Limits on an Integral of a semi-circle

ZedCar

1. The problem statement, all variables and given/known data

A question asks to calculate the integral over the region R given by:

x^2 + y^2 <= 4
0 <= y <= 2

Which would be the upper half of a circle of radius 2 centred on the origin.

The integral is done in the book I have and the limits of x are given as -2 to 2, which I can understand.

Though the limits for y are given as: 0 to (4 - x^2)^0.5

I can see that they have obtained this limit from rearranging the first part of the region R.

BUT, why is the limit for y not 0 to 2. Or alternatively, if what they have done is correct, why is it not equally valid to state the limits for x are: 0 to (4 - y^2)^0.5



2. Relevant equations



3. The attempt at a solution

algebrat

When integrating over a region, we need to hit each point in the region exactly once, and no other points.

So your recipe is, for each x betwen -2 and 2, (hold x fixed and) integrate over y=0 to 2. But then you would hit all points in a rectangle, not the semicircle.

You'll hit each point in the semicircle once if, for each x between -2 and 2, you go from y= 0 to the upper circle.

If this seemed to make sense, here's some exercises to check that you understand.

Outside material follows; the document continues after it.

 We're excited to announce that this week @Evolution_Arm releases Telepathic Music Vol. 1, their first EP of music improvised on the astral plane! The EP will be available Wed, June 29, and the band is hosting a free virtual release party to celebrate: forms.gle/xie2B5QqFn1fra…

Try switching order of integration, that is, for each y in between (which values?), let x runf from where to where, thus hitting each point in the region.

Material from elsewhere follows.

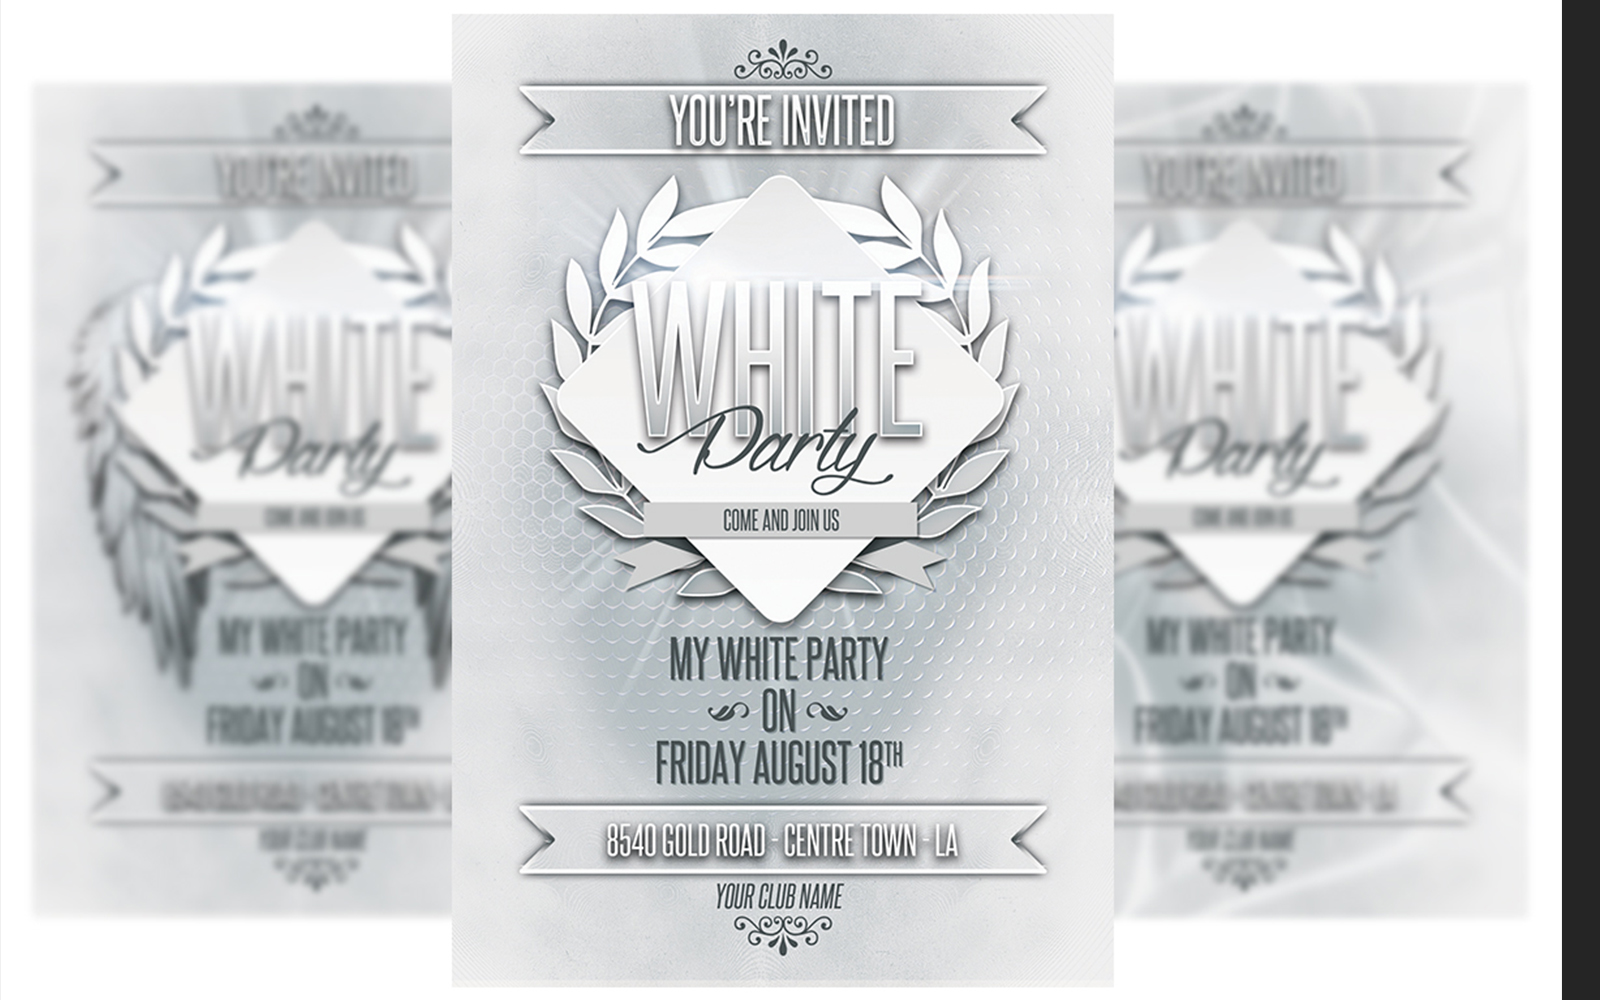 White Party Invitation - Flyer Template

Another exercise. In the original limits, hold x fixed and let y vary, why do we take x goes from -2 to 2. Why not a smaller or larger region, what exactly would be wrong with that, how geometrically or by what type of value would it change the answer. (Hint: integration works if we hit each point in region exactly once, and no others.)

tiny-tim

Hi ZedCar!
It is, if the y limits are -2 to 2.

You can have vertical slices of thickness dx and height √(4 - x²)

or horizontal slices of thickness dy and width √(4 - y²).